For airport owners, operators, regulators, and concessionaries, the advancement of multi-dimensional computer models, monitoring devices, and aviation-specific simulation software has enabled a virtual metaverse for the airport, otherwise known as its Digital Twin. Sophisticated analytics tools provide the airport operations control center with incredible visualization of risk/scenario simulations relayed on massive video walls. With incredible real-time accuracy, airport operations can anticipate interruptions to service and take steps to mitigate airfield, roadway, terminal, and, ultimately, passenger disruption.
5 What can small businesses do to prepare for opportunities in airport development and construction in the next few years?

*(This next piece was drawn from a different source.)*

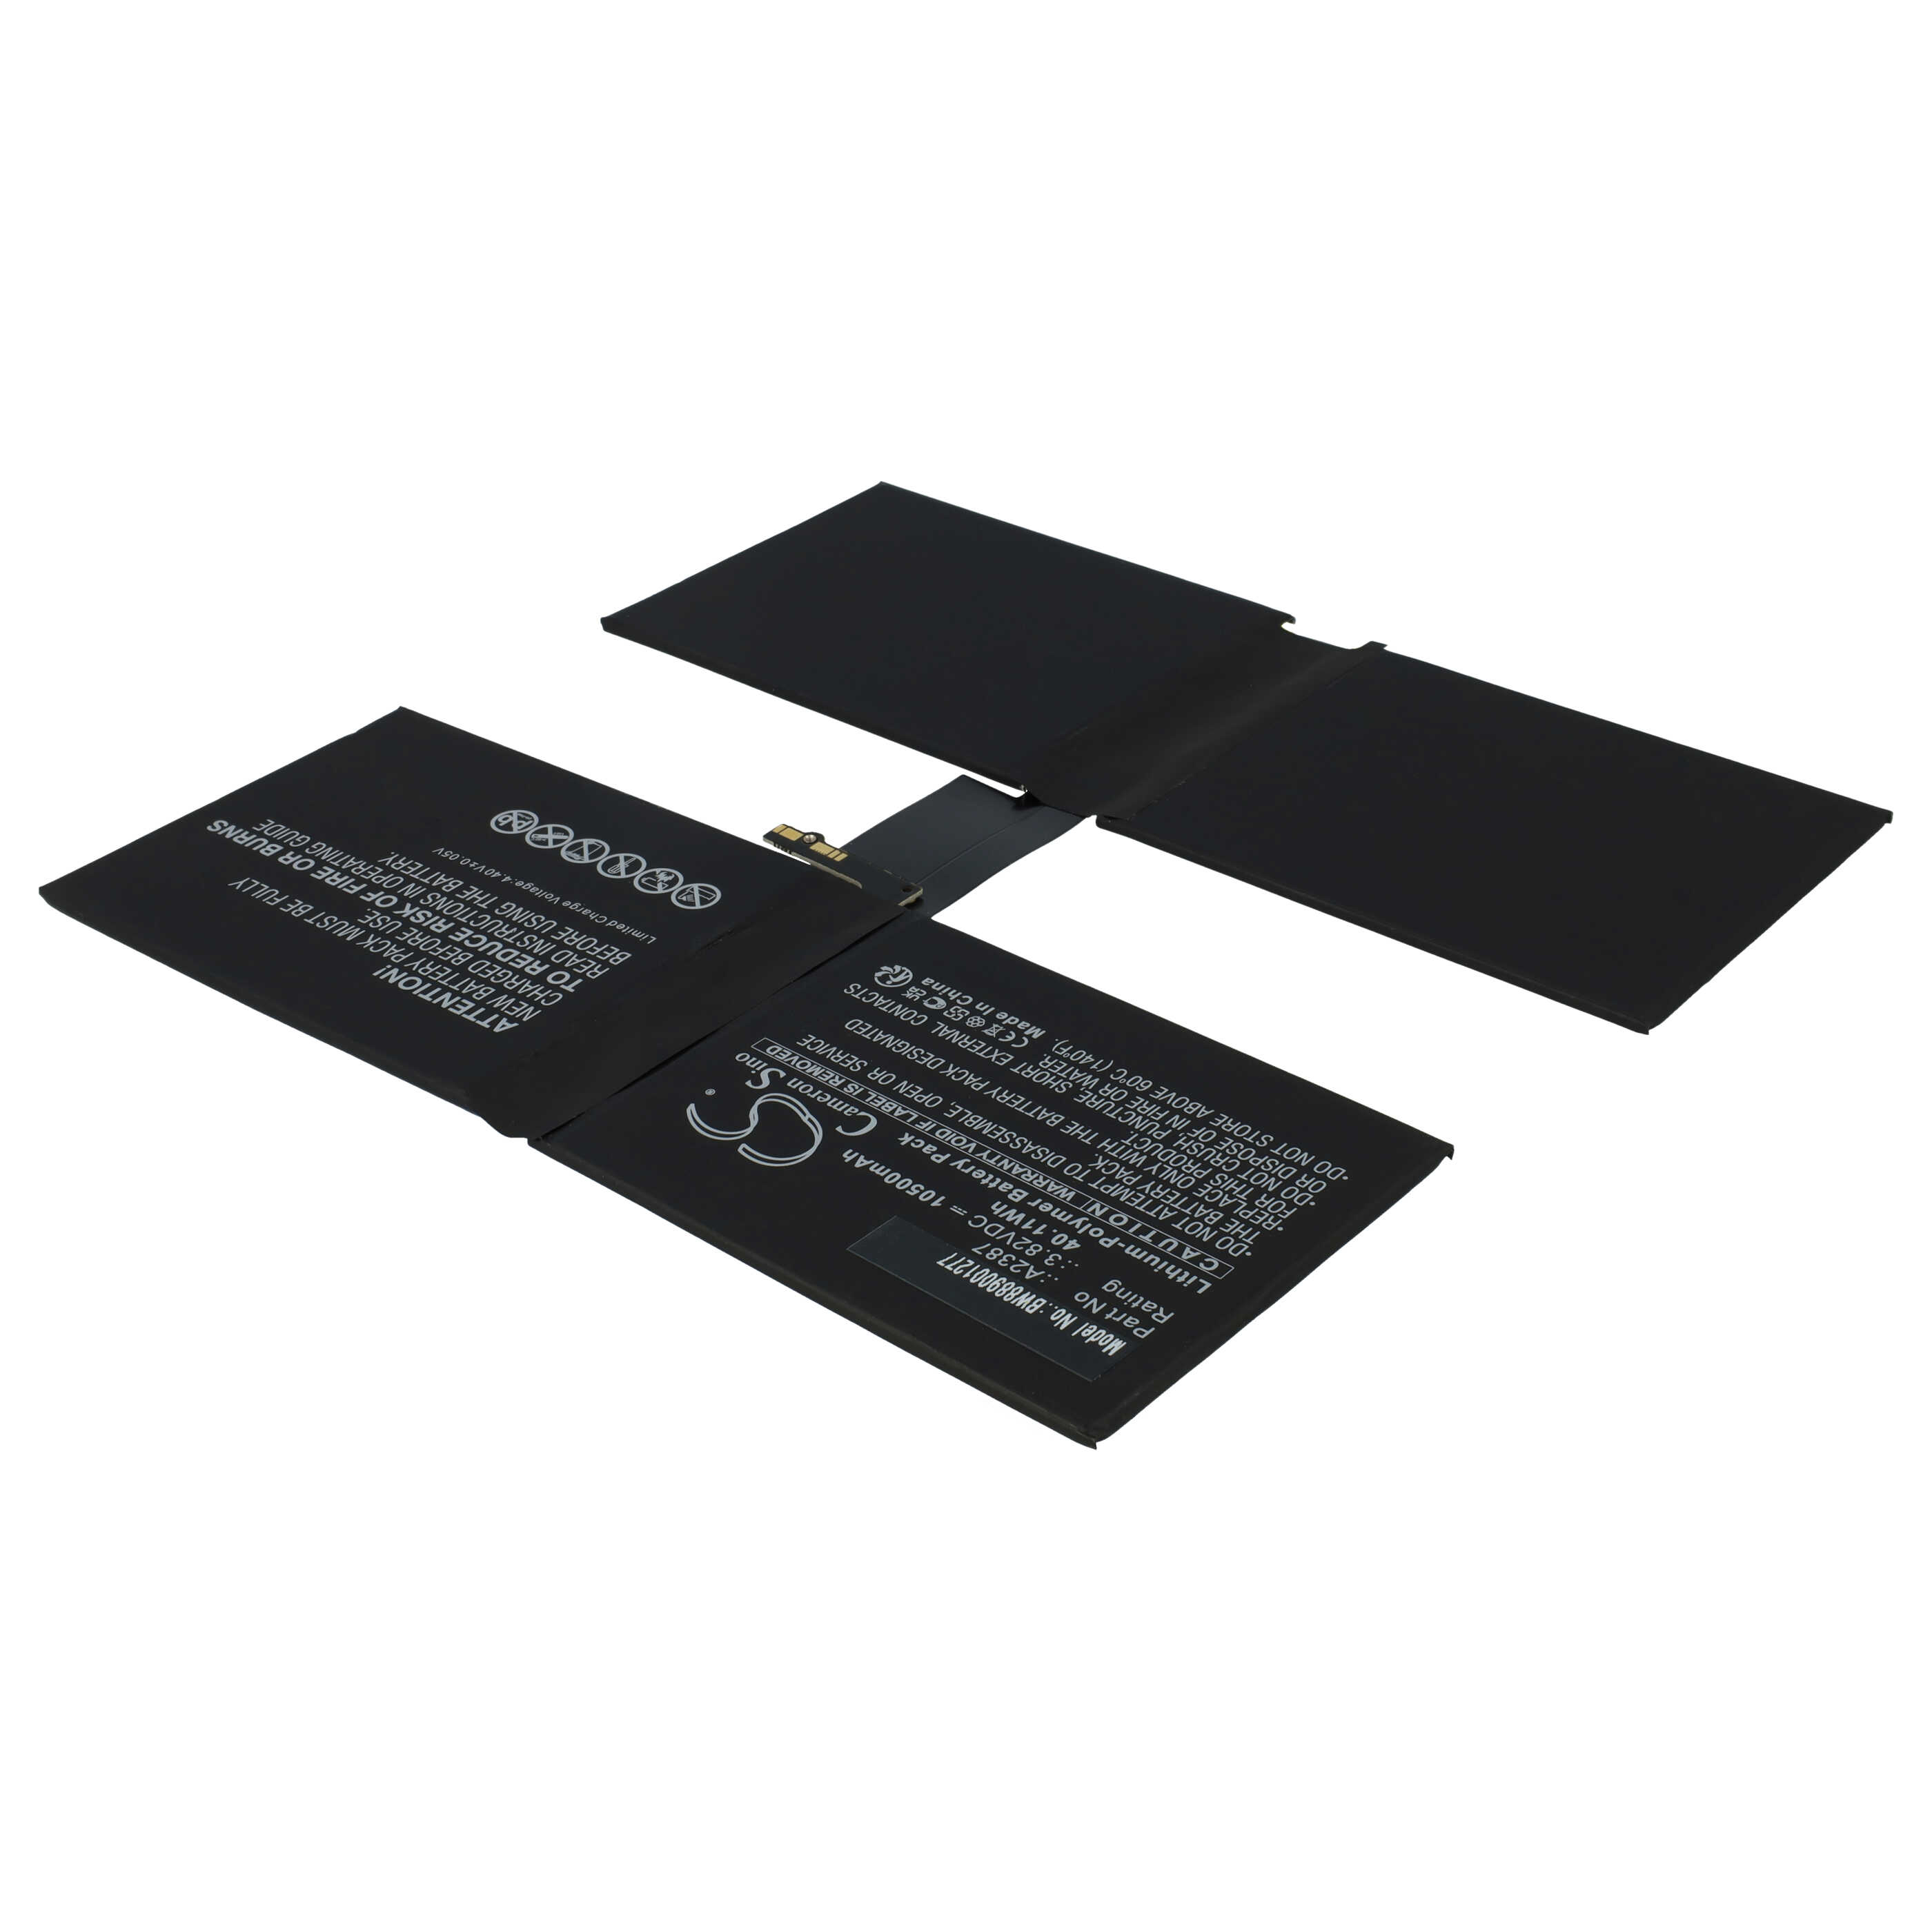 Batería reemplaza Apple A2387 para tablet, Pad Apple - 10500 mAh 3,82 V Li-poli

Nick Hutchinson: Small, local, and disadvantaged businesses can and will play a vital and value-added role in JFK’s future. They are the eyes and ears of the local community. They understand the value to the New York economy, how the regional supply chain works, how to motivate political will, and ultimately what it takes to uplift the well-being of the millions of ordinary people who live with the sight and sound of the airport. They must take the initiative, prepare business fundamentals such as registration, banking, and insurance, be entrepreneurial, attend JFK outreach events, and research what, how and by whom the major projects will be delivered. Ultimately, the major design and construction firms (usually national firms with major project experience, who can underwrite the associated risk) depend on the small business with local knowledge and resources to build the projects. Seek out these major firms and ask them what you can do to support them. In return, they will guide you, tell you what they want, partner with you, provide financial support, and transfer their “big-player” knowledge to your local organization. It is a quid pro quo where each partner learns and benefits from the other. Above all, respect, patience, and hard work are the principal ingredients to ensure mutual success.